__WHAT YOU SHOULD DO__. Using the records below, count the lines containing "Black" and give only the total.

Dataset items:
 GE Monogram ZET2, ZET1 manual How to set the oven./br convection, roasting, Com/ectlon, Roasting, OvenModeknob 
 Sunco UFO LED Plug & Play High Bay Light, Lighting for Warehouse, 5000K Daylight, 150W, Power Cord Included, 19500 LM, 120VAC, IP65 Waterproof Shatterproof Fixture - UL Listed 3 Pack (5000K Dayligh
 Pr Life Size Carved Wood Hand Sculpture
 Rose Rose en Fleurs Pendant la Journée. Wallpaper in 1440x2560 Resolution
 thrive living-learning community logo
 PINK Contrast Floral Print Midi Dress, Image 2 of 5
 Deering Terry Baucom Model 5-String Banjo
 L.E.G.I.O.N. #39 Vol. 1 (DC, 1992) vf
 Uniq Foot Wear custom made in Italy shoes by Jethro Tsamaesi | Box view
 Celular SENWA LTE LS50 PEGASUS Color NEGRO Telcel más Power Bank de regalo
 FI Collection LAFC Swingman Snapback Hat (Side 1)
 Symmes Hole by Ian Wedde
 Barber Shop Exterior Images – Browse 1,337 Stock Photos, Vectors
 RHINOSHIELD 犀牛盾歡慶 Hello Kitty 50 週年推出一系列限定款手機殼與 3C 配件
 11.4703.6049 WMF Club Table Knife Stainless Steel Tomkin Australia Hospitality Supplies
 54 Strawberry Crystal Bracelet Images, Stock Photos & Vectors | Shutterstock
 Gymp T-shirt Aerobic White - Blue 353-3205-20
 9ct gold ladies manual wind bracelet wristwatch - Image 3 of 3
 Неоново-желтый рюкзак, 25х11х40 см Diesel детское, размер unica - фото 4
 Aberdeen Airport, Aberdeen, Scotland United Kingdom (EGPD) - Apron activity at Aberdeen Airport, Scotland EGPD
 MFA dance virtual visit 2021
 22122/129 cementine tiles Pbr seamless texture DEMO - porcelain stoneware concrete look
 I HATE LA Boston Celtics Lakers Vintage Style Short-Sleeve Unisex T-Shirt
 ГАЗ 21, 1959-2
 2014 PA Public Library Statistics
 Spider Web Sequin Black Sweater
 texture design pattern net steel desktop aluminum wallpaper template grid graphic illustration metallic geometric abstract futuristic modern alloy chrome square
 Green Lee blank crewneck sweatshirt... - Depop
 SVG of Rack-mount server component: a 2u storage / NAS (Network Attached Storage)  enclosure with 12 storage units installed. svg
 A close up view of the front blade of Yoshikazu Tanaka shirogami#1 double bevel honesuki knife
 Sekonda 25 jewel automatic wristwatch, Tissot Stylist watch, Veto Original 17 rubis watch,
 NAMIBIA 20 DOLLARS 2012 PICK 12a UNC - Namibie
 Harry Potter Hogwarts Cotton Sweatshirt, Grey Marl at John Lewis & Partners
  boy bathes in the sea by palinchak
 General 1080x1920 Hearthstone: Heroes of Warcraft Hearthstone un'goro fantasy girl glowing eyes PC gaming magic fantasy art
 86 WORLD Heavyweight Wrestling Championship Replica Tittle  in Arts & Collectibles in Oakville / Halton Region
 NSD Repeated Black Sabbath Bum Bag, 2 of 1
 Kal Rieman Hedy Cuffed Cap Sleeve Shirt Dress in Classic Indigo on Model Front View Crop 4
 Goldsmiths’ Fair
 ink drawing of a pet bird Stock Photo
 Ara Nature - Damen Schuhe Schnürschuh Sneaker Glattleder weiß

__RESULT__. 2